American comedian, writer and podcaster

Karen Kilgariff (born May 11, 1970, in Petaluma, California) is an American writer, comedian, singer, author, actress, television producer, and podcast host. She began her career as a stand-up comedian in the early 1990s and later became a television actress, most notably as a cast member on Mr. Show. She has written for many comedy television shows, including being the head writer on The Rosie Show, The Ellen DeGeneres Show and The Pete Holmes Show.

Since 2016, she has co-hosted the true crime comedy podcast My Favorite Murder along with Georgia Hardstark. In 2018, she and Hardstark co-founded the podcast network Exactly Right. Along with Hardstark, Kilgariff wrote the non-fiction book Stay Sexy and Don't Get Murdered, which was released on May 28, 2019.

==Early life==
Karen Kilgariff grew up outside Petaluma, California with her mother Patricia (née Knight), who died in 2016, her father Jim, and her older sister Laura. Both of Karen's parents worked; her father was a San Francisco firefighter and her mother was a head psychiatric nurse at the Langley Porter Psychiatric Institute. She attended St. Vincent de Paul High School in Petaluma.

==Career==
===Stand-up and acting===
Karen Kilgariff started out as a stand-up comedian in Sacramento in the 1990s. She went on to land comedy roles on television, including being a cast member on seasons 3 and 4 of Mr. Show.

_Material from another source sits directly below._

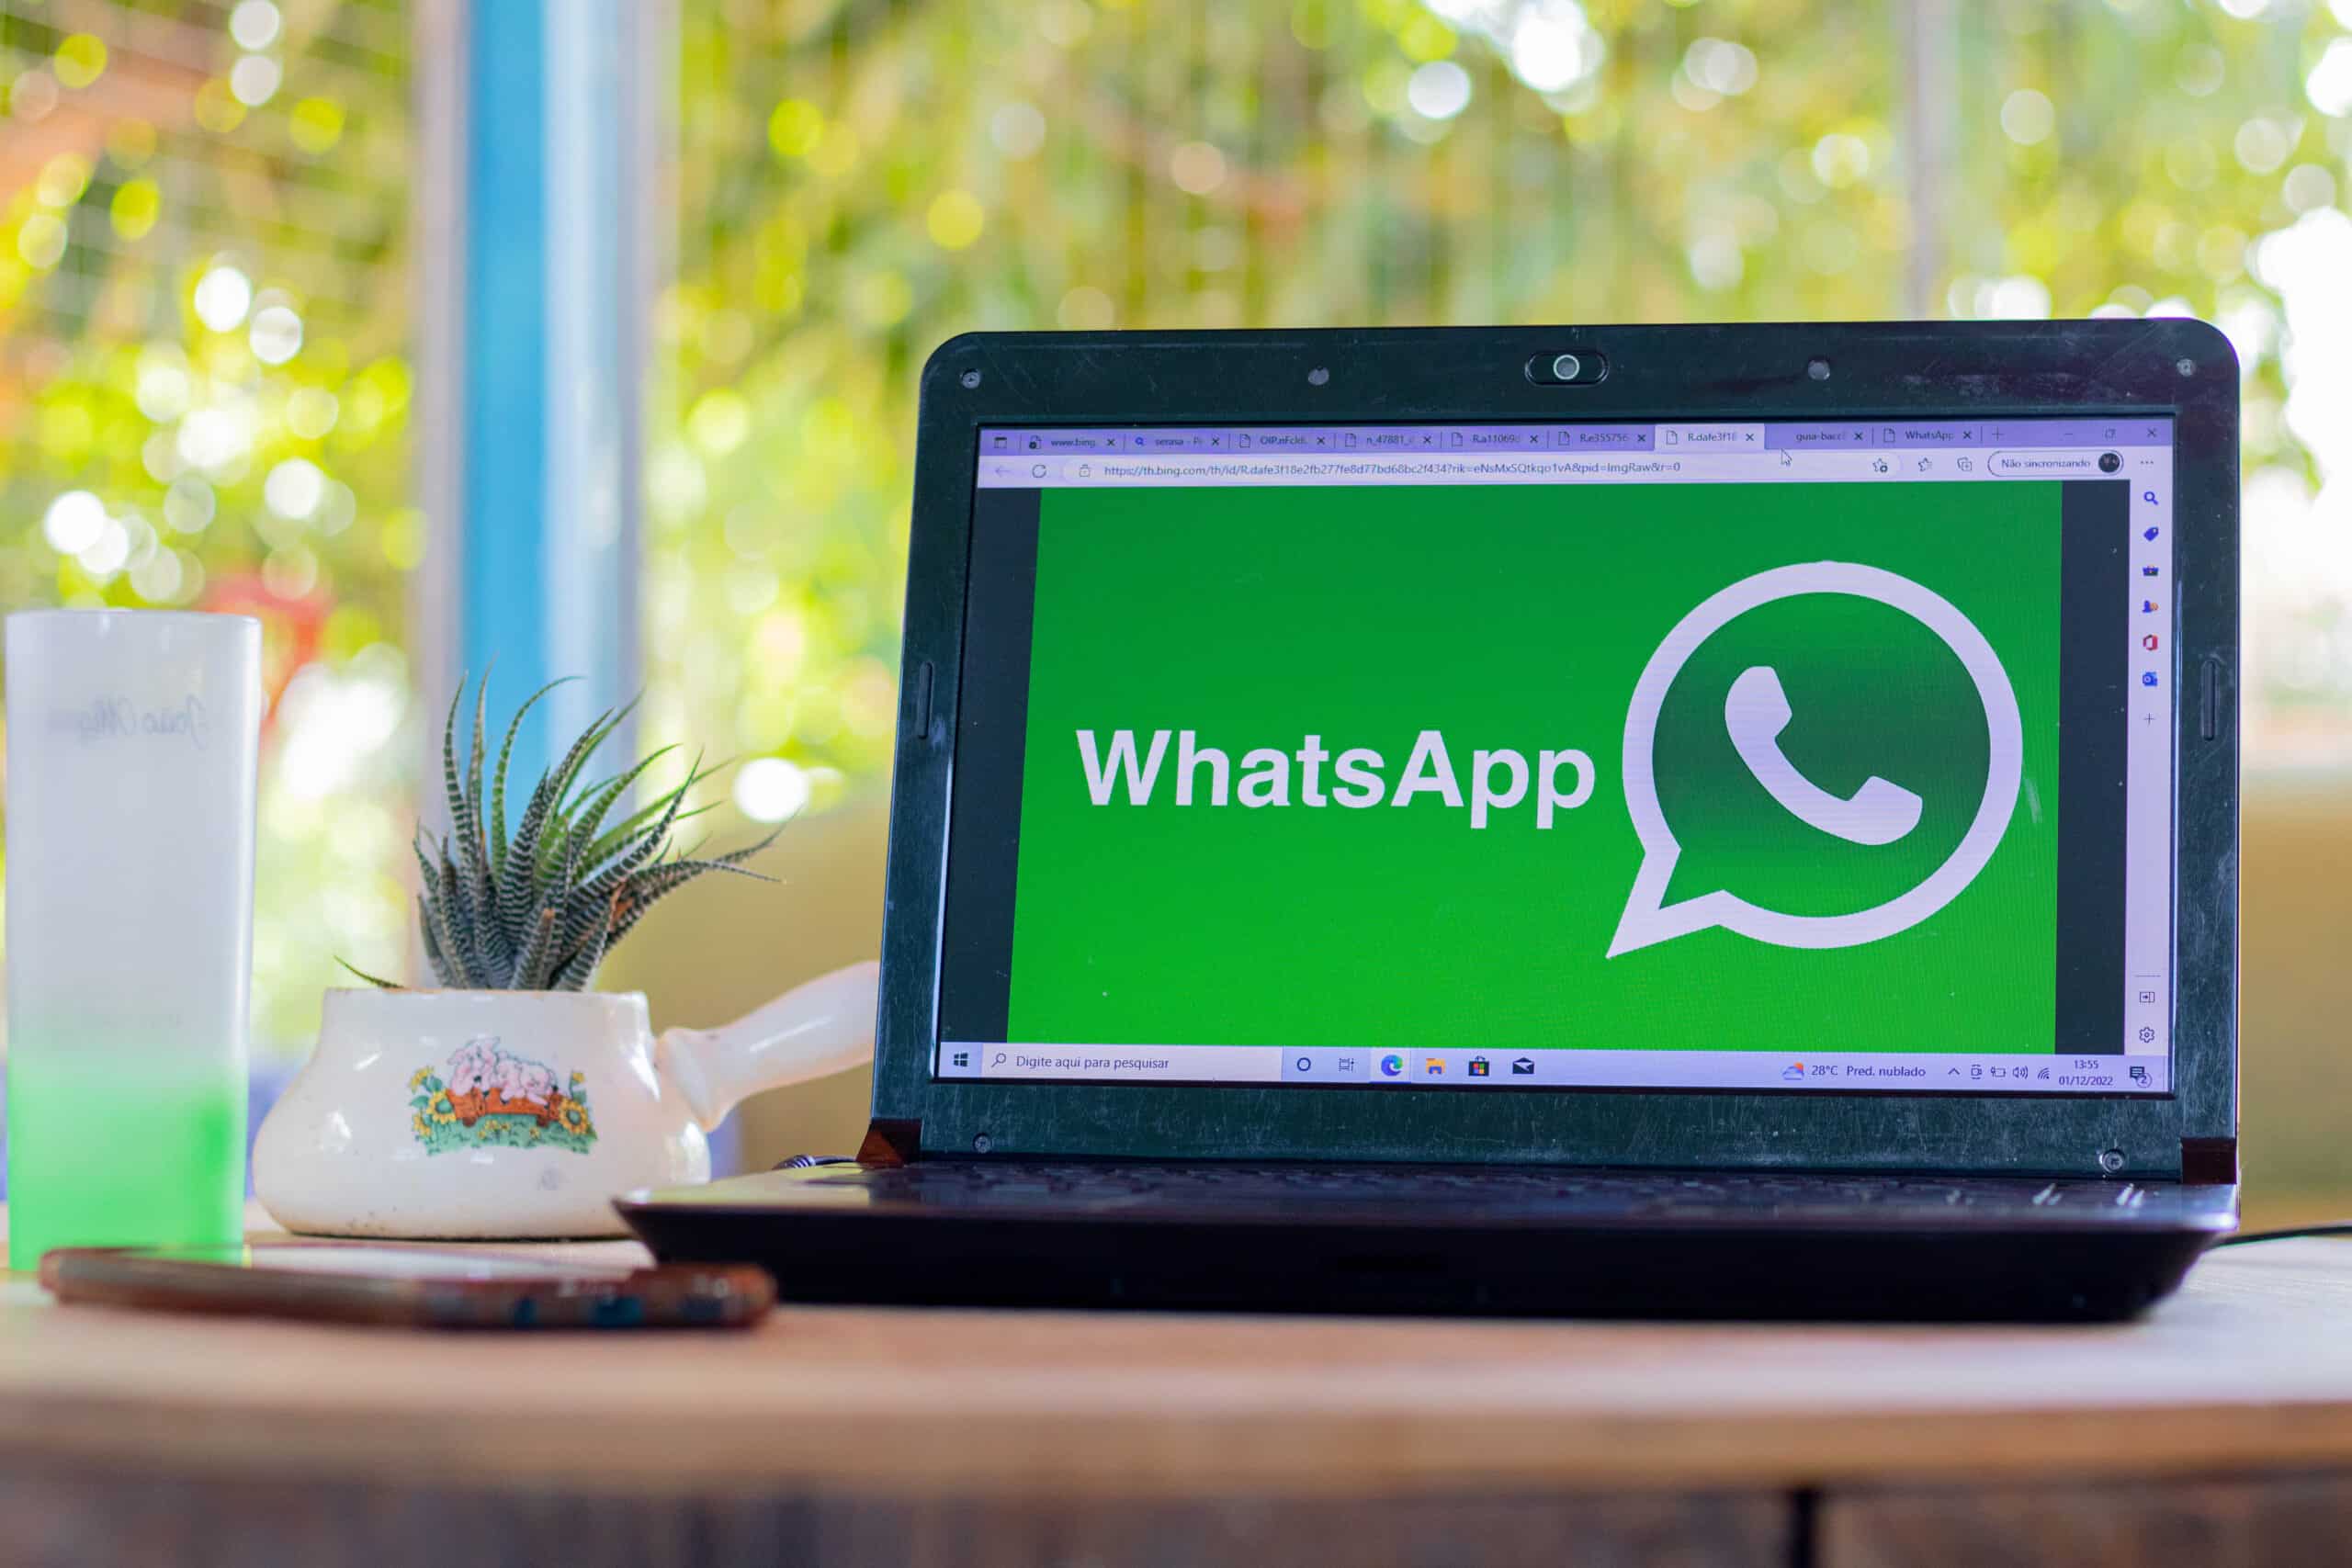 Tips for sharing your location securely via WhatsApp

She would later appear in the 2015 reboot, W/ Bob & David, as well. She played the role of Jean Pettengill for five episodes of The Book Group in 2003.

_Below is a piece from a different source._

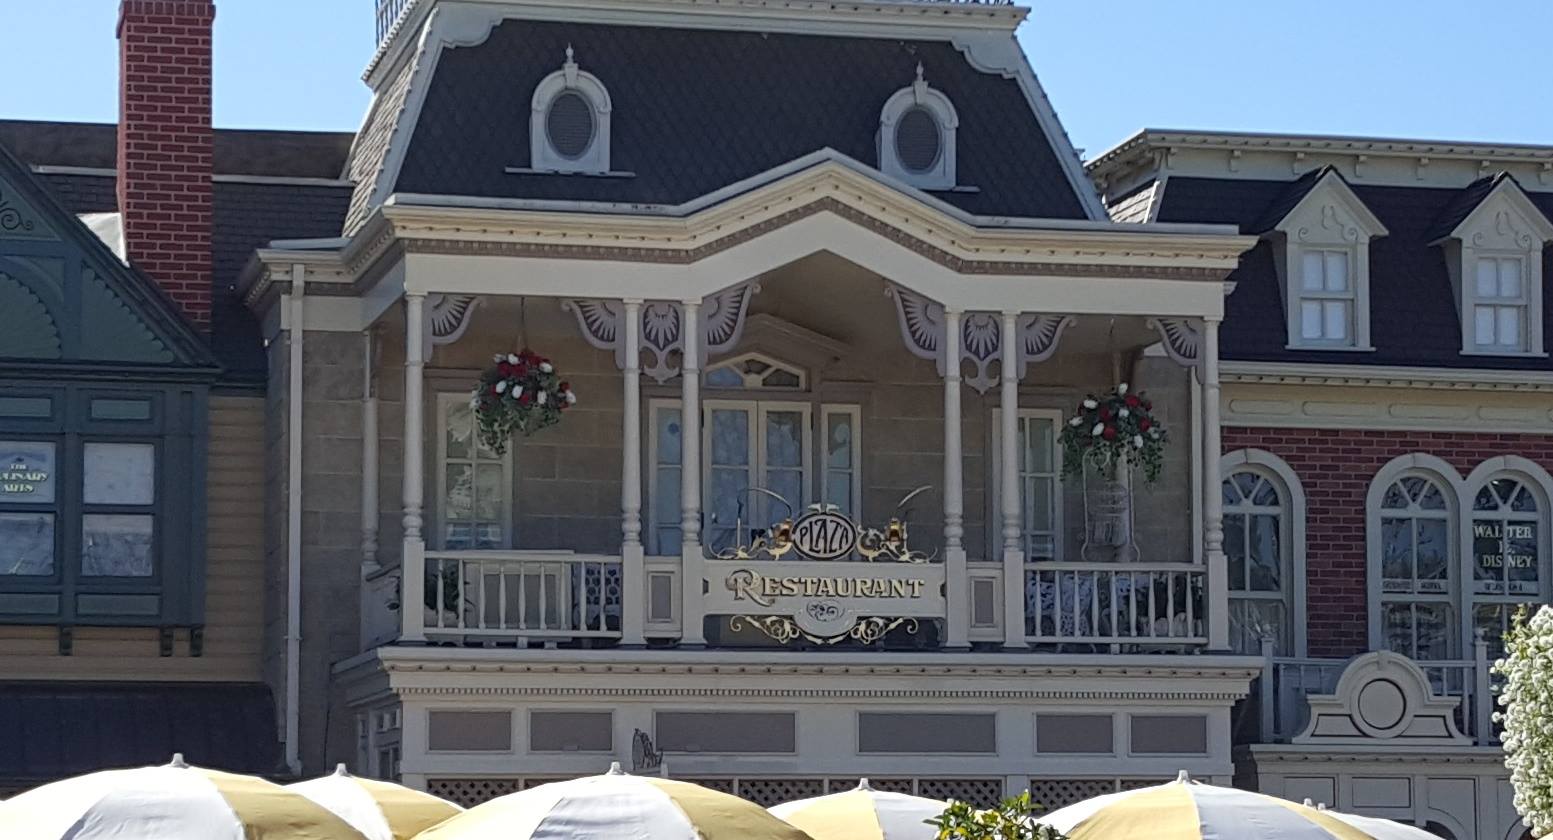 Plaza Restaurant at Magic Kingdom changing its Reservation Policy

In 2015, Kilgariff teamed up with Drennon Davis to record a live album of comedy songs titled I Don't Care, I Like It.

===Writing career===
In 2003, Kilgariff was hired by Ellen DeGeneres to help write for her comedy special, Ellen DeGeneres: Here and Now. Kilgariff later toured with DeGeneres as her opening act. Kilgariff was then named head writer for the day time talk show The Ellen DeGeneres Show, which launched in September 2003. She occasionally appeared on screen in sketches and other segments. She was also part of a comic duo (with Mary Lynn Rajskub) called Girls Guitar Club.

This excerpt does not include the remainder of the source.